Juda et « la femme » discutent du prix : un chevreau. Tamar exige de Juda qu'il lui laisse en gage « Ton cachet, le cordon qui le tient et le bâton que tu as en main. Il les lui remit et s'unit à elle, et elle devint enceinte. »
En clair, Juda laisse à la femme sa carte d'identité, son permis de conduire et sa carte de crédit.

Trois mois passent. Tamar est enceinte, et la rumeur va bon train : qui est donc le père ? La nouvelle arrive aux oreilles de Juda qui est indigné :
« Qu'on la fasse sortir et qu'elle soit brûlée vive ! Comme on la jetait dehors, elle envoya un message à son beau-père : c’est de l'homme à qui appartiennent ces objets que je suis enceinte. Reconnais, je te prie, à qui sont ce cachet, ces cordons et ce bâton. »
Ah, Juda, qui joue les pères la morale tout en fréquentant les femmes de mauvaise vie.
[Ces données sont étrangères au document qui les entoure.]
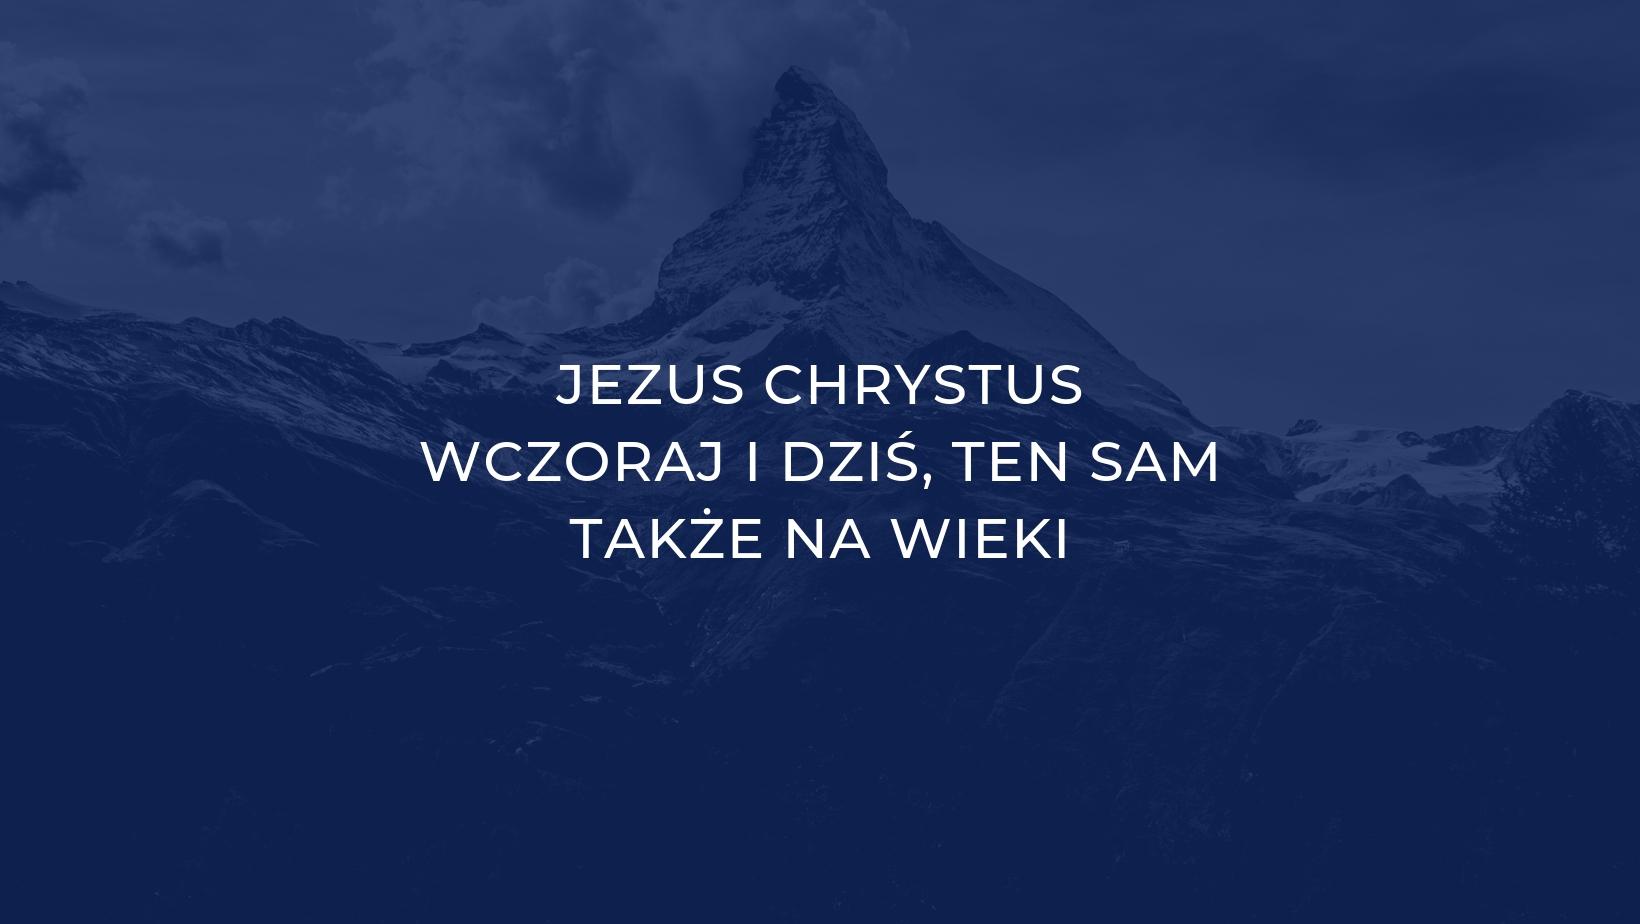 Jezus Chrystus Wczoraj Dziś Ten Sam I na Wieki fb

Juda qui se retrouve pris au piège quand sa belle-fille lui montre les objets qui lui appartiennent, relevant pleinement ce qui s'est réellement passé.

Alors Juda n'a d'autre choix que de dire :
« Elle est plus juste que moi ; elle a fait cela parce que je ne l'ai pas donnée pour femme à mon fils Chéla. Il ne s'unit plus jamais à elle. »
Finalement, deux enfants naissent, deux jumeaux : Perèts et Zerah.
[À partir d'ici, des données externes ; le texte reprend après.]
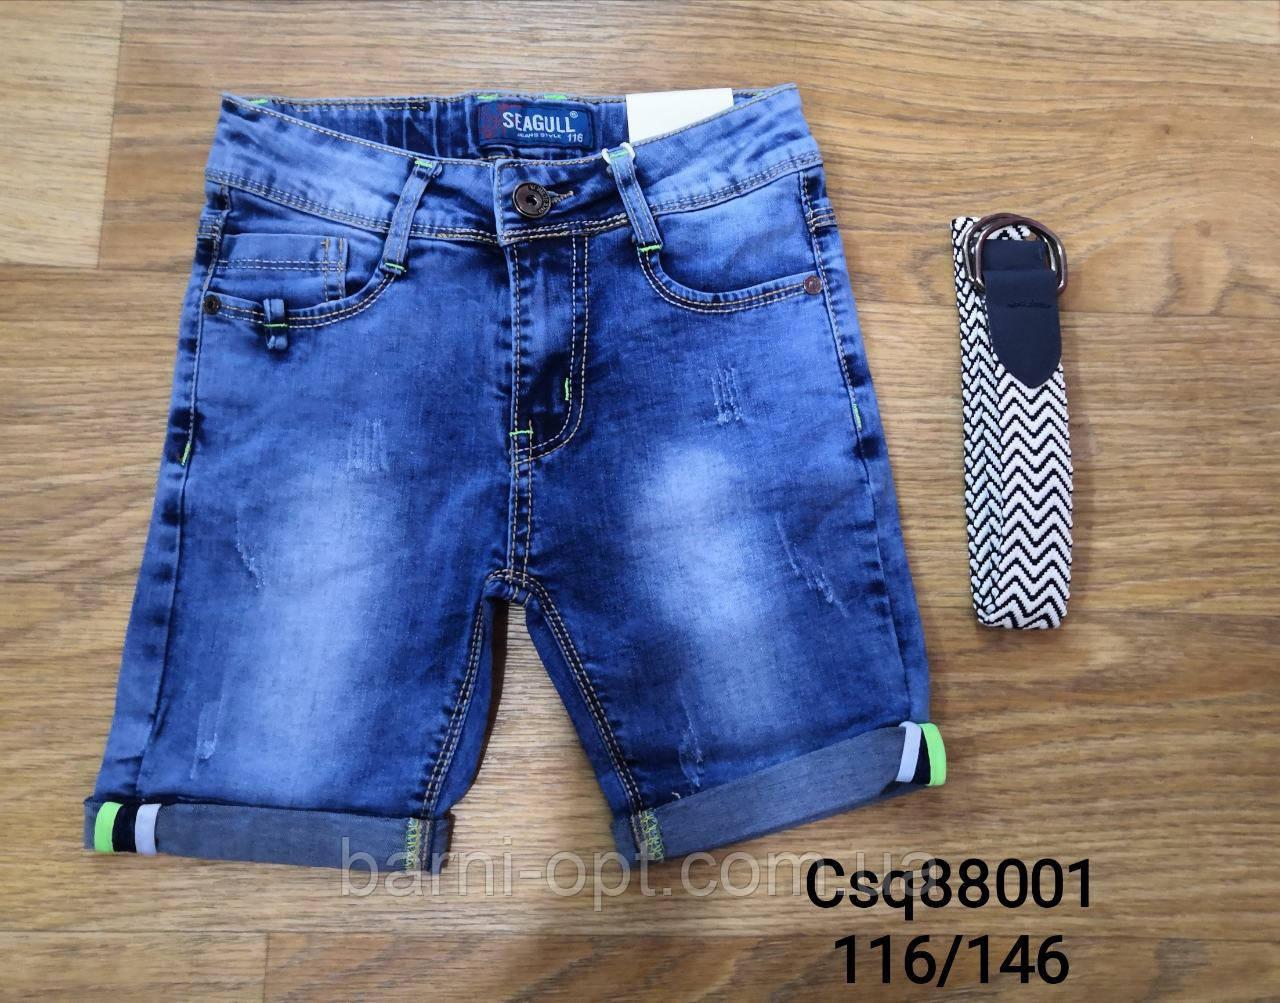 Шорты джинсовые на мальчика оптом, Seagull, 134, 146

Que faire de cette triste histoire de Tamar ? Tamar, c'est une victime qui a recours à des moyens extrêmes pour se tirer d'affaire. La prostitution, la tromperie...une femme qui est sans doute restée toute sa vie connue comme celle qui avait trompé son beau-père et qui avait eu de lui deux enfants illégitimes.
Tamar c'est une femme qui pourt sortir du désespoir a recours à des mesures désespérées. Cela existe encore aujourd'hui. Une jeune femme n'arrive pas à trouver la stabilité dans sa vie sentimentale et elle se met en ménage successivement avec des types qui n'en valent pas la peine. Un père de famille n'arrive plus à joindre les deux bouts et il commence à voler dans la caisse de son entreprise. Le couple d'un homme connaît une crises latente et il va voir ailleurs. Souvent, quand on est pasteur, on est confronté à ce genre de situations : des actions condamnables (et stupides) qui naissent d'un sentiment de désespoir, de l'idée qu'on n'a plus d'autre issue.

Vous voyez, je vous avais prévenu, l'histoire de Tamar n'a vraiment rien d'un conte de fées : ce n'est pas une « belle histoire » mais le récit d'une vie dure. Et pourtant... pourtant, Tamar est dans la généalogie de Christ, tout comme Juda. Et cela nous permet de discerner un rayon d'espoir au milieu de la noirceur de cette histoire : nous aussi, malgré notre péché, nos erreurs, nous pouvons être membres de la famille de Dieu. Et cela se peut parce que la grâce de Dieu agit même au coeur des situations les plus difficiles.
On le voit bien dans toute cette histoire. Joseph a été vendu par ses frères à l'instigation de Juda mais ile st finalement devenu ministre en Egypte et il y a accueilli toute sa famille lors d'une grande famine.
Juda quitte son clan, mais il ne peut pas se cacher loin de Dieu et le Seigneur va se servir de l'histoire de Tamar pour briser son coeur et l'amener à une vraie repentance. Quand Jacob son père est sur le point de mourir, c'est lui et sa descendance qui reçoivent la prééminence (Gen 49)
« Le sceptre ne s'écartera pas de Juda, et l'insigne de chef ne sera pas ôté d'entre ses pieds jusqu'à la venue de celui auquel ils appartiennent et à qui tous les peuples rendront obéissance. ». C'est de Juda que seront issus tous les rois d'Israël et, ultimement, Jésus. Dans l'Apocalypse 5, Jean a cette vision glorieuse de Jésus « il a remporté la victoire, le lion de la tribu de Juda, le rejeton de la racine de David »
Et Tamar va donc créer la lignée du Messie, et de son impureté naîtra la pureté du Royaume de Dieu que Jésus est venu établir.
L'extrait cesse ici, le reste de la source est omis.